====== STUDY MATERIAL ======

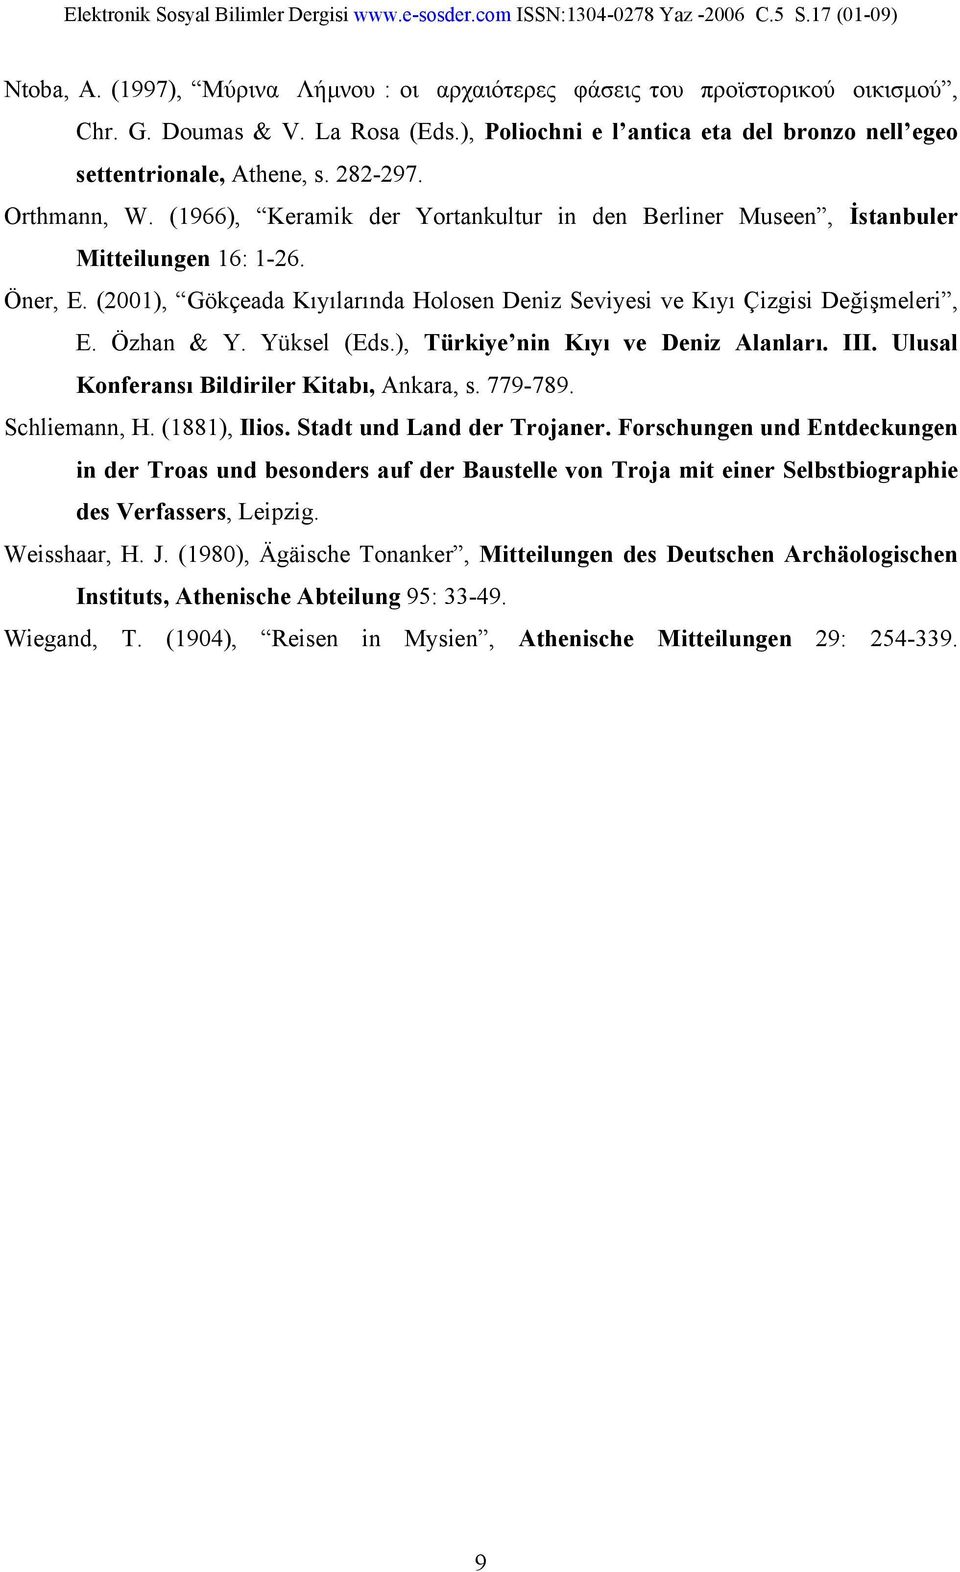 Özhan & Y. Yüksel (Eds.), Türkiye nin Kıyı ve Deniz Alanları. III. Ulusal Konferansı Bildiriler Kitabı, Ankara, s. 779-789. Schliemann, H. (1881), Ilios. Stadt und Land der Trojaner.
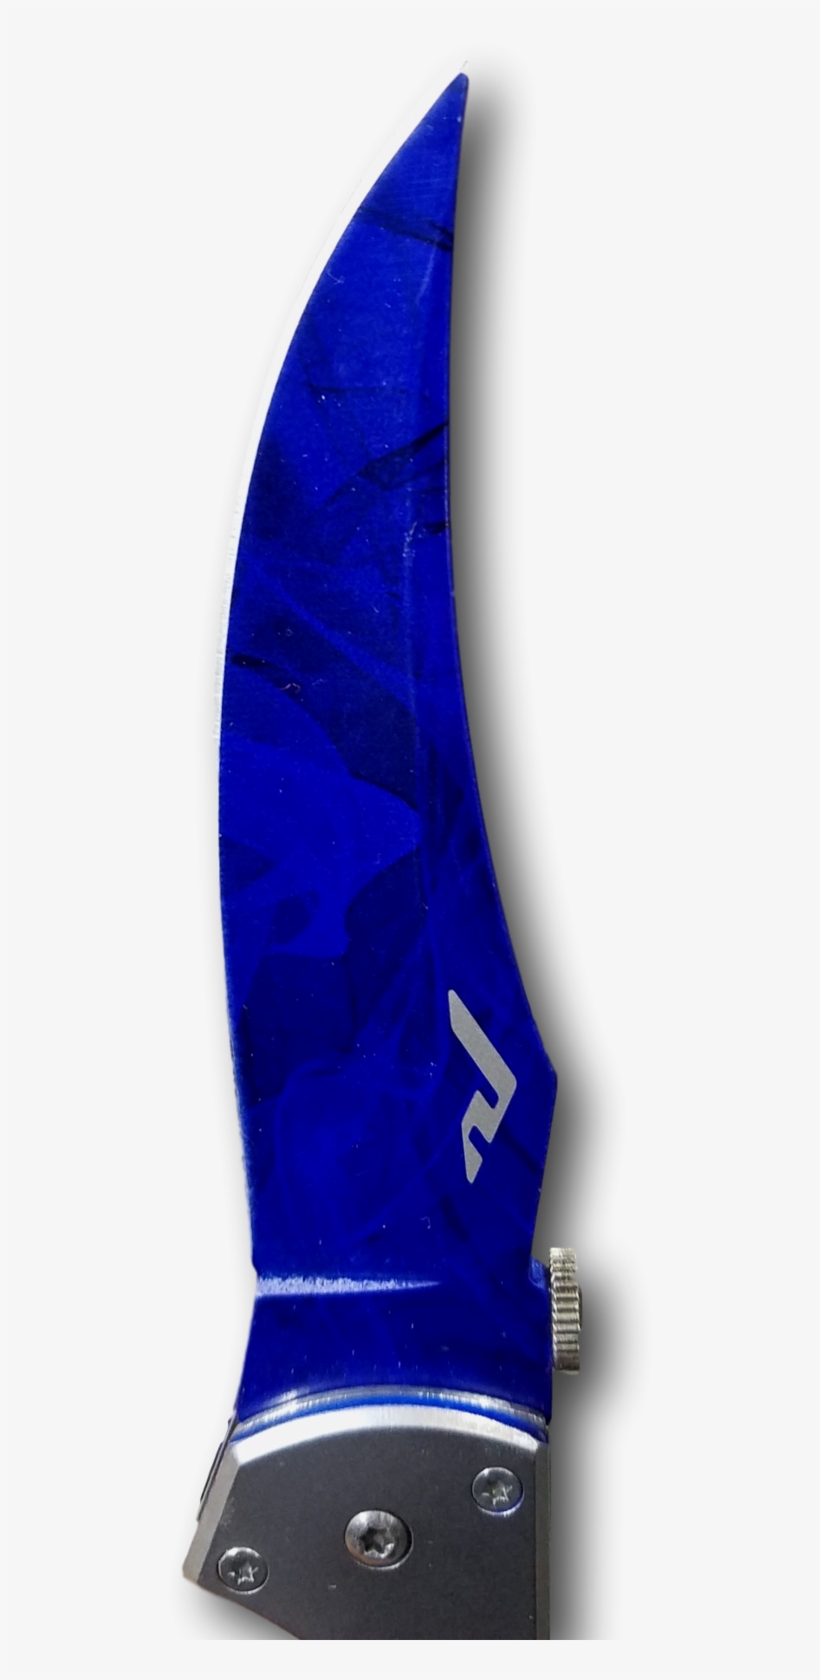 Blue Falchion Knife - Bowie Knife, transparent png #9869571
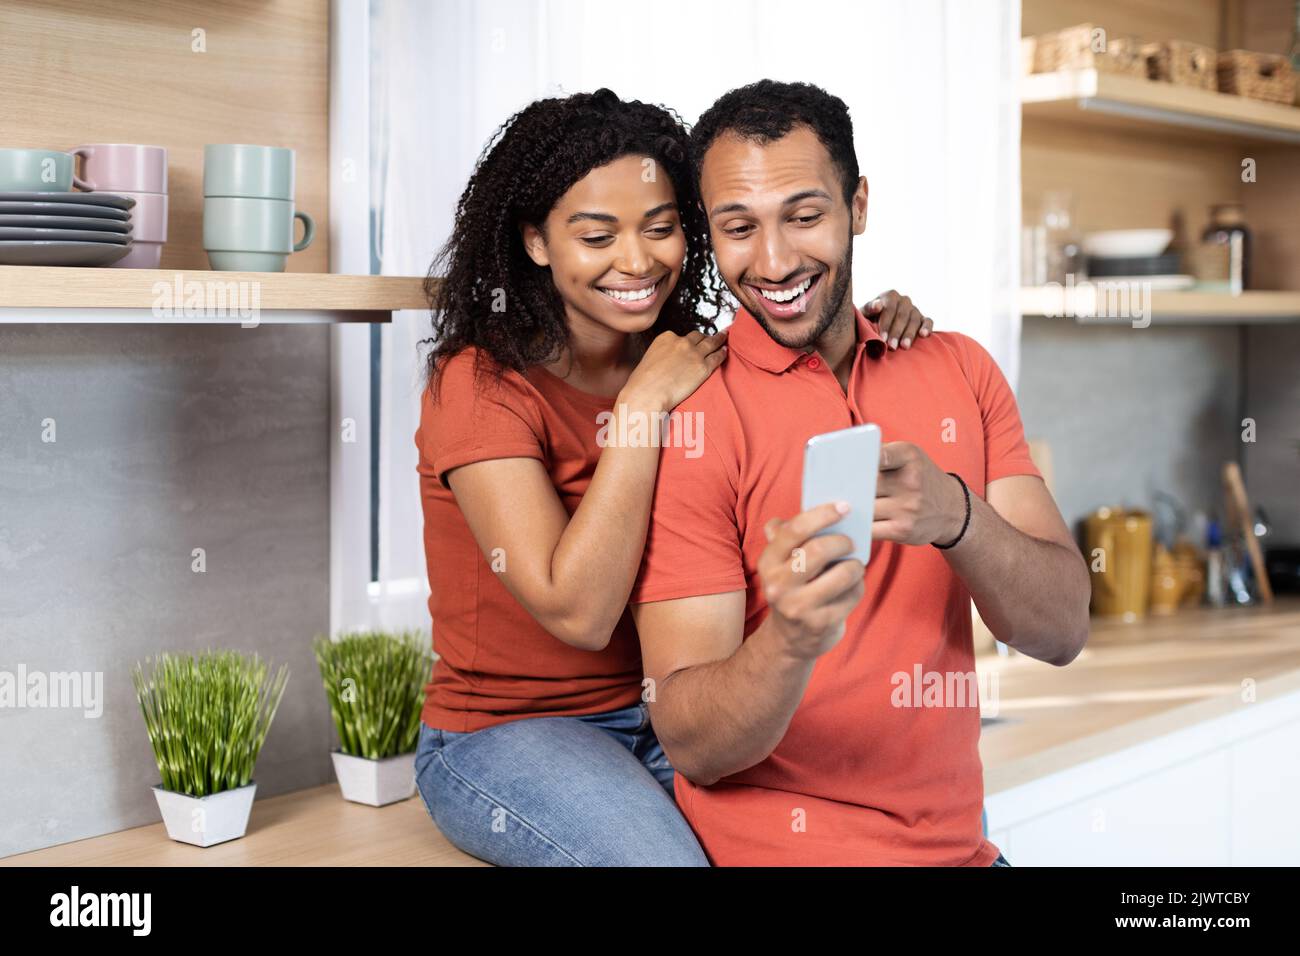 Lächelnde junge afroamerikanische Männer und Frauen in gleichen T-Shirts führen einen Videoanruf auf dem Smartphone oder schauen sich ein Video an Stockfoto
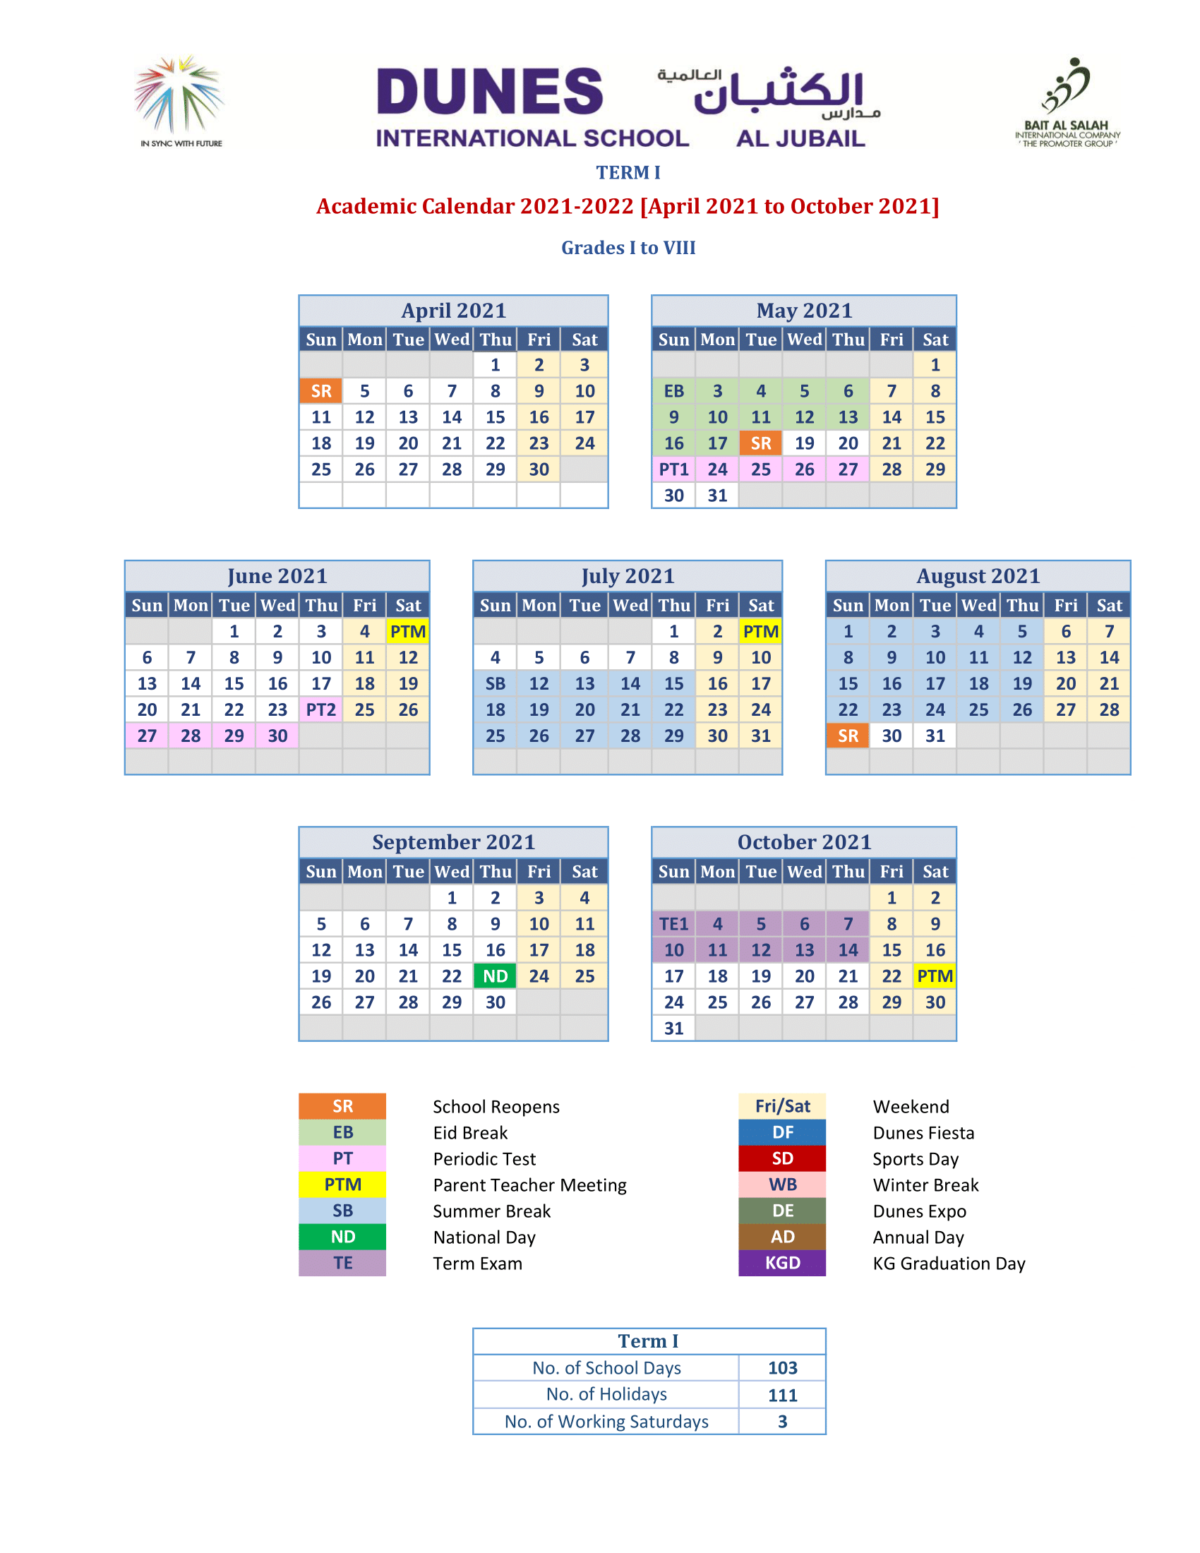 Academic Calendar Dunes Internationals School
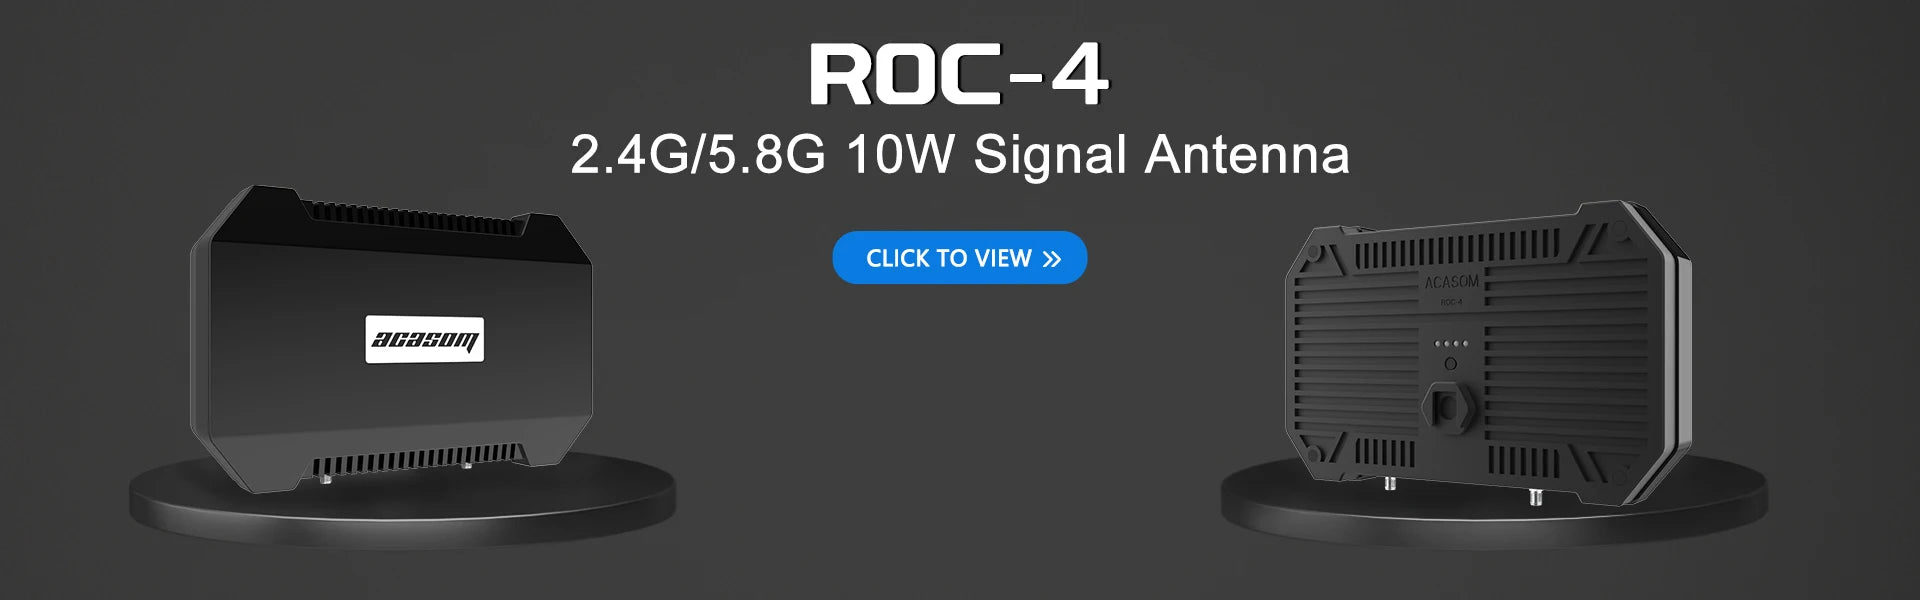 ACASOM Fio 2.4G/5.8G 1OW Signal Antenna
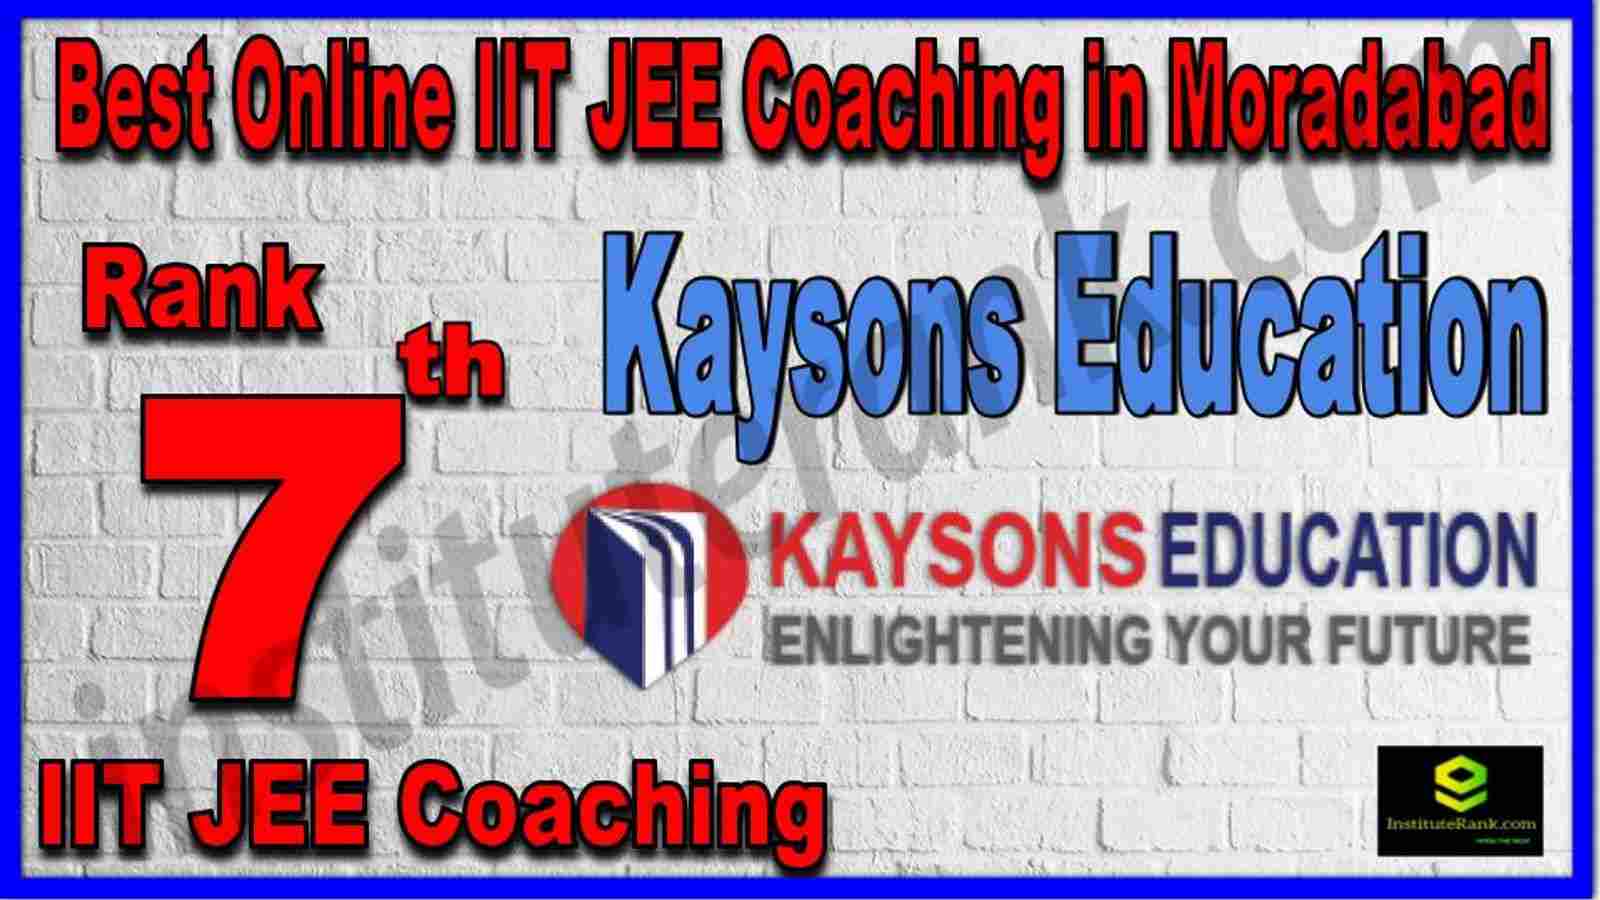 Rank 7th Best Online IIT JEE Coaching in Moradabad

======

PROBLEM TO WORK ON:
Write out exactly the lines that run from the one containing "Lächelnde junge afroamerikanische" to the last line of the entries above, both ends kept, pictures left out.

REPLY TO THE TASK:
 Lächelnde junge afroamerikanische Männer und Frauen in gleichen T-Shirts führen einen Videoanruf auf dem Smartphone oder schauen sich ein Video an Stockfoto
 Academic Calendar Dunes Internationals School
 ACASOM Fio 2.4G/5.8G 1OW Signal Antenna
 Rank 7th Best Online IIT JEE Coaching in Moradabad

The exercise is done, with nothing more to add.